*YOUR TASK*
Your copy of the listing should match it exactly, only without pictures.

*SUPPLIED INFORMATION*
+++++

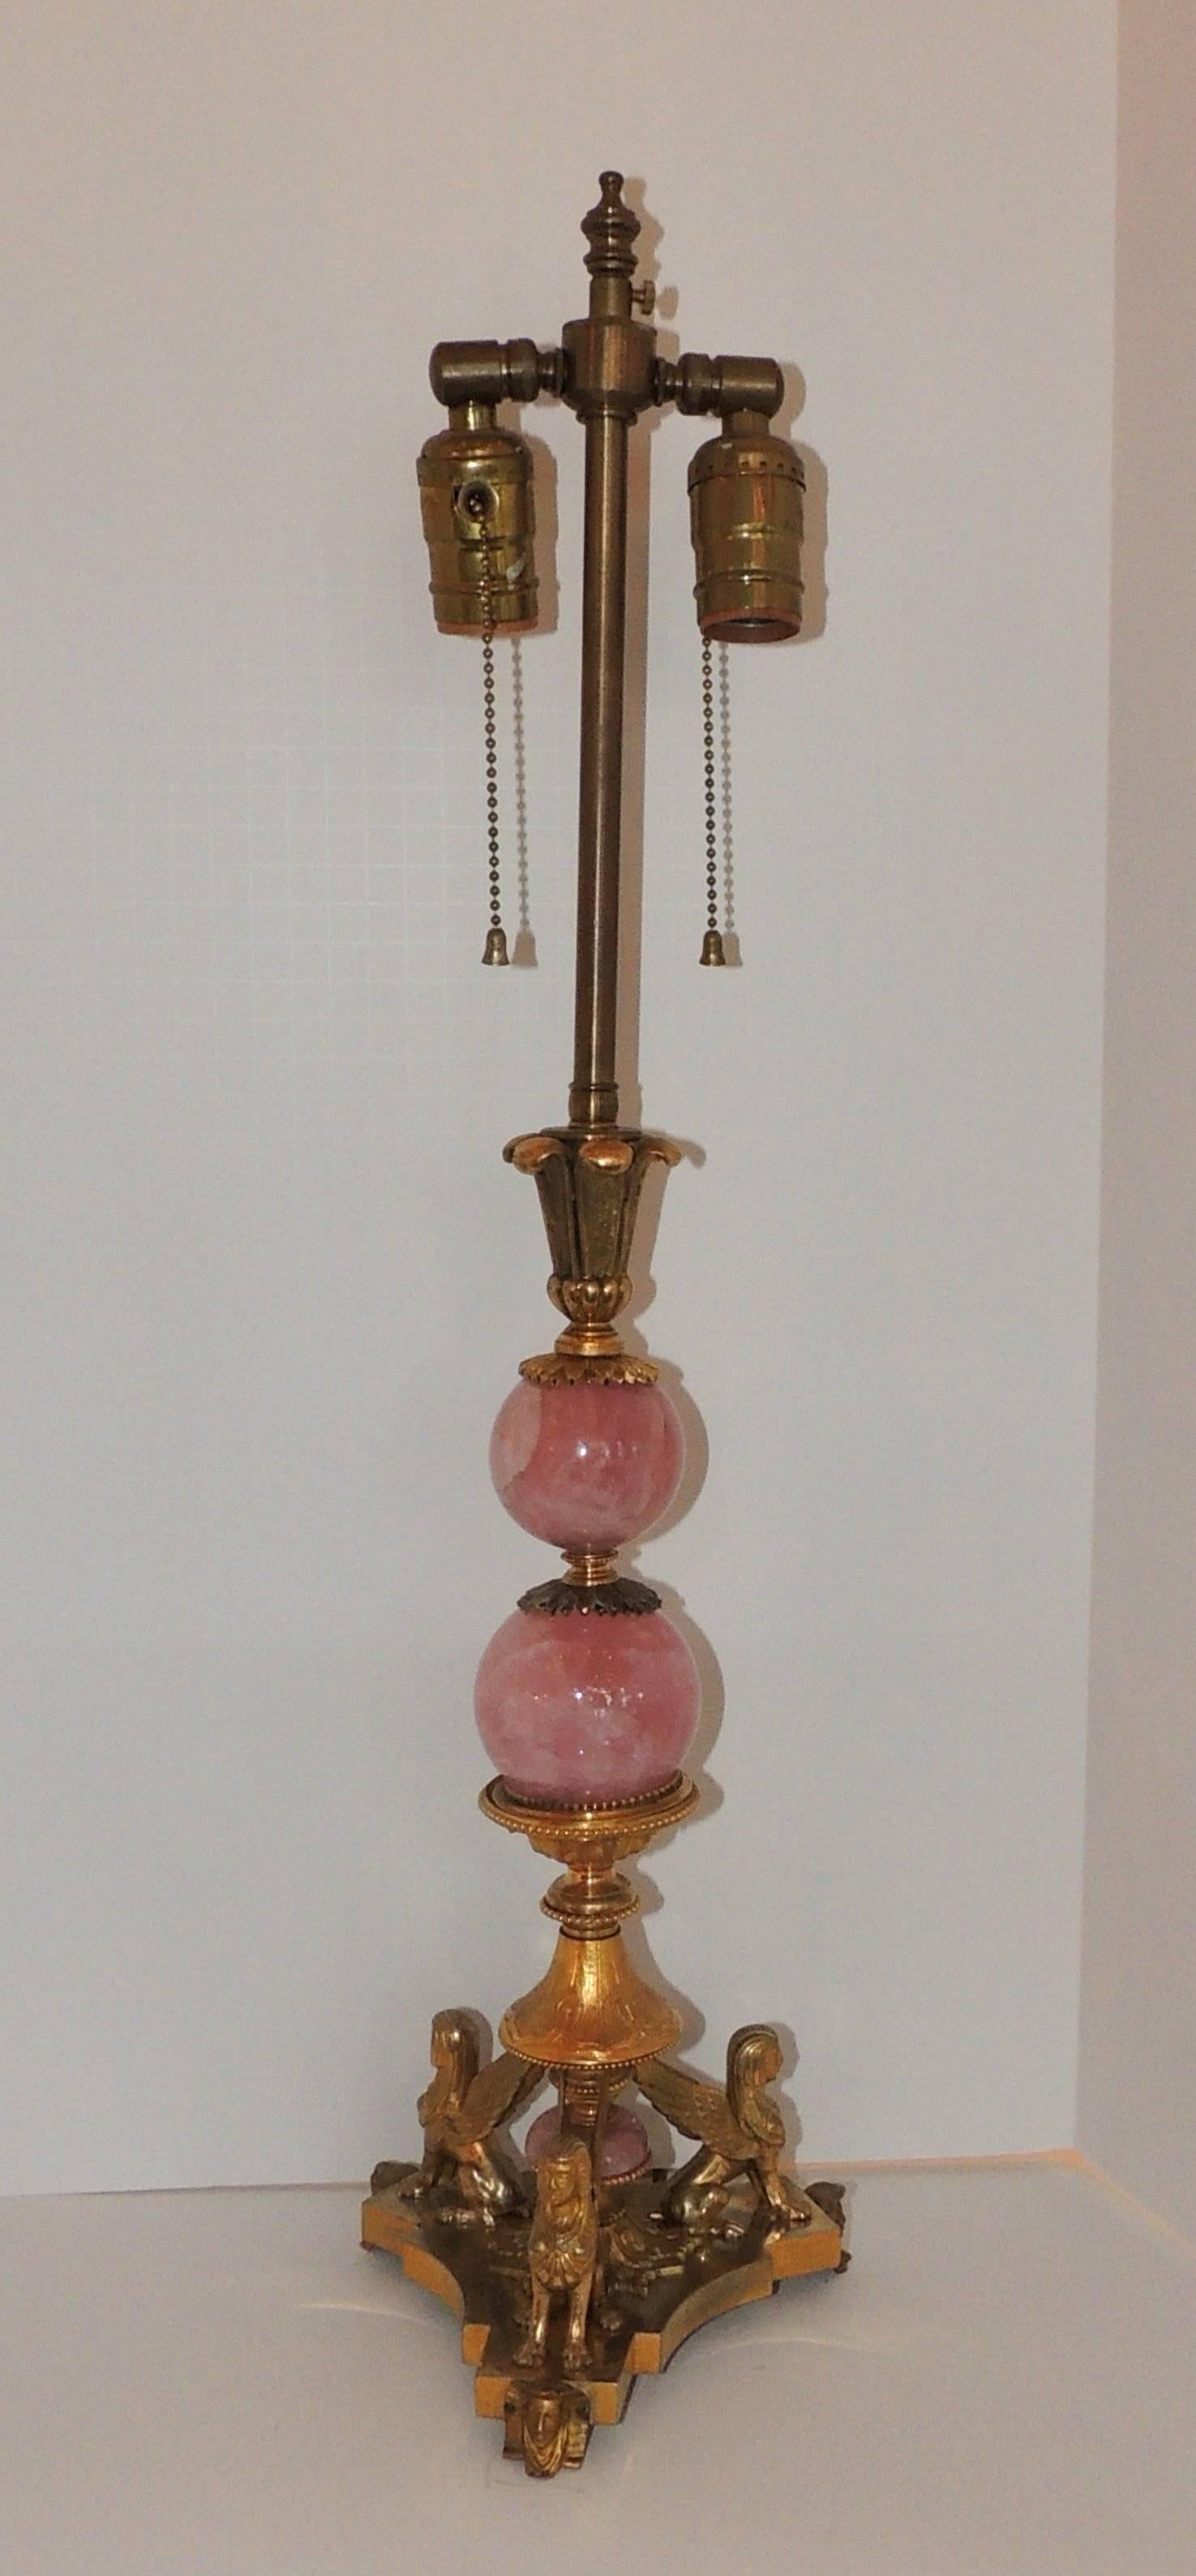 A wonderful French Regency Empire gilt bronze neoclassical rose quartz rock crystal lamp.
In the manner of E.F. Caldwell

Measures: 26

+++++

*ANSWER TO THIS TASK*
 A wonderful French Regency Empire gilt bronze neoclassical rose quartz rock crystal lamp.
In the manner of E.F. Caldwell

Measures: 26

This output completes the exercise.